— Чем я разгневал богов? — Бывший дасирийский советник стенал и заламывал руки, точно девица, что отдала невинность до благословения союза.

Многоликий потрогал рукоять кинжала: госпожа лично распорядилась, чтоб мастера-кожевники взялись за работу. И если сперва Многоликому не понравилась ее затея, вскоре он изменил мнение. Мягкие ножны китовой шкуры, двумя ремнями крепились к поясу и вдоль и поперек, как хотелось хозяину.

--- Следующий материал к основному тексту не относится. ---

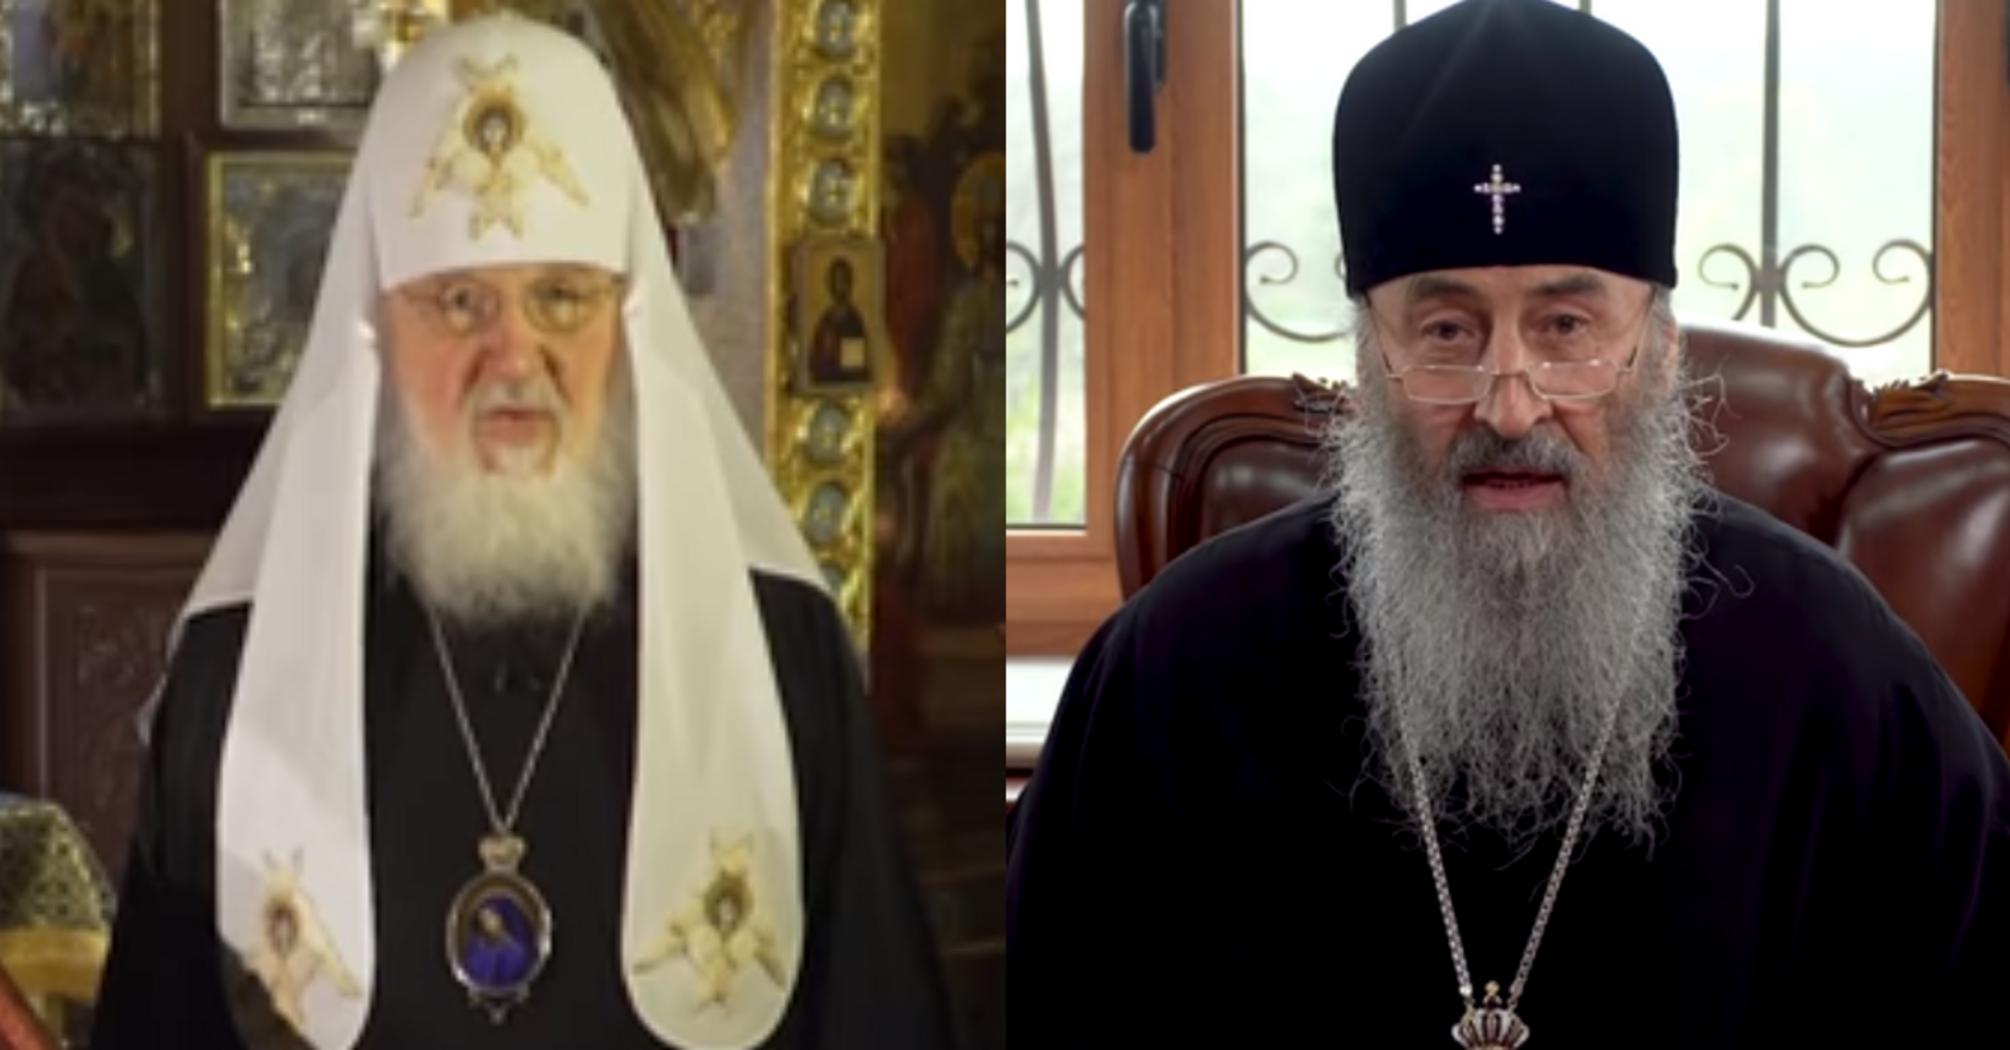 РПЦ в Росії закликало сидіти вдома, а Московський патріархат в Україні - йти до церкви

Изогнутый кинжал выскакивал на свободу без всяких задержек, не рождая даже самого тихого звука.

— Будешь визжать, почтенный — отрежу язык. — Многоликий беспечно стряхнул с волос первые снежинки.

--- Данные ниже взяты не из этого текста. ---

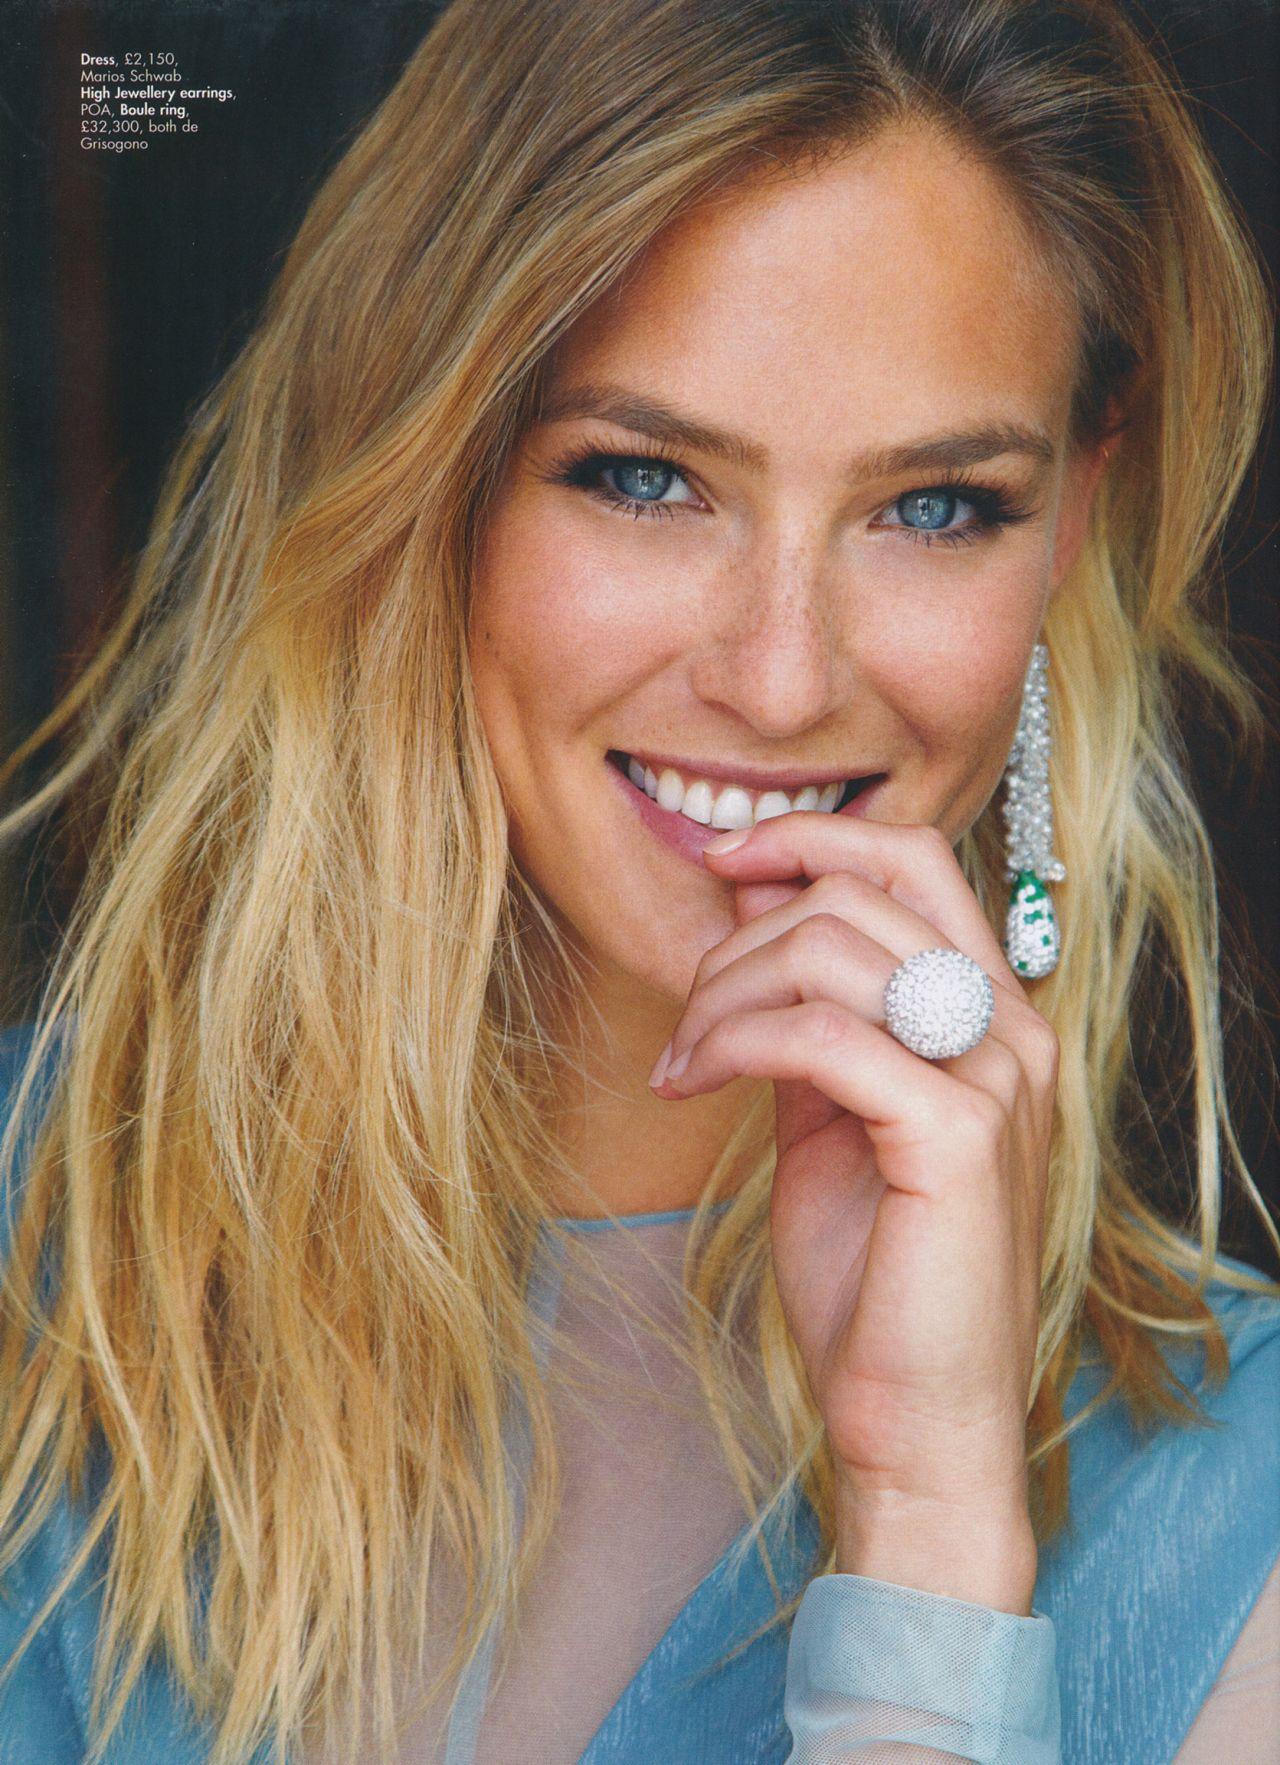 Bar Refaeli – HELLO! Fashion Monthly Magazine – August 2015 Issue

Артум снова кутался в пургу. Портал лежал в часе езды от столицы Северных земель, как было положено договоренностями меж государствами и таремскими лордами-магнатами. Тарем — вотчина торгашей, давно не вел войн, богатея от торговли, которую вел со всеми уголками Эрбоса. Но как бы там ни было, флот Тарема продолжал главенствовать на воде, а казны сверхо́м хватило бы на покупку самых отчаянных наемников и головорезов. Потому правители, что пожелали вести с Таремом торговлю, выставили условие — не располагать порталы слишком близко от столиц. Впрочем, такой предосторожностью отличились не все: жаркий Тутмос подпустил торговцев ближе, Народ дракона, напротив, дал согласие только на самую отдаленную часть своих земель. Чего не было у Тарема — так это пути к оседлым на восточных островах румийским черным магам. Румийцы вели торговлю с пиратами и изредка, когда в том возникала нужда, приторговывали с таремцами, дасирийцами и дшиверскими варварами. И поговаривали, что румийцы, проклятые за свое тщеславие светлой Вирой и одаренные сверх меры ее темною сестрой, давно нашли способы беспрепятственно передвигаться по Эрбосу незамеченными и неузнанными. Хотя всякий знал, что румийцы были обречены на вечное проклятие: тела их покрывались гнойниками и нарывами еще в утробах матерей, кости и хрящи выворачивались из суставов, языки двоились или отсыхали вовсе, а глаза часто появлялись и больше двух.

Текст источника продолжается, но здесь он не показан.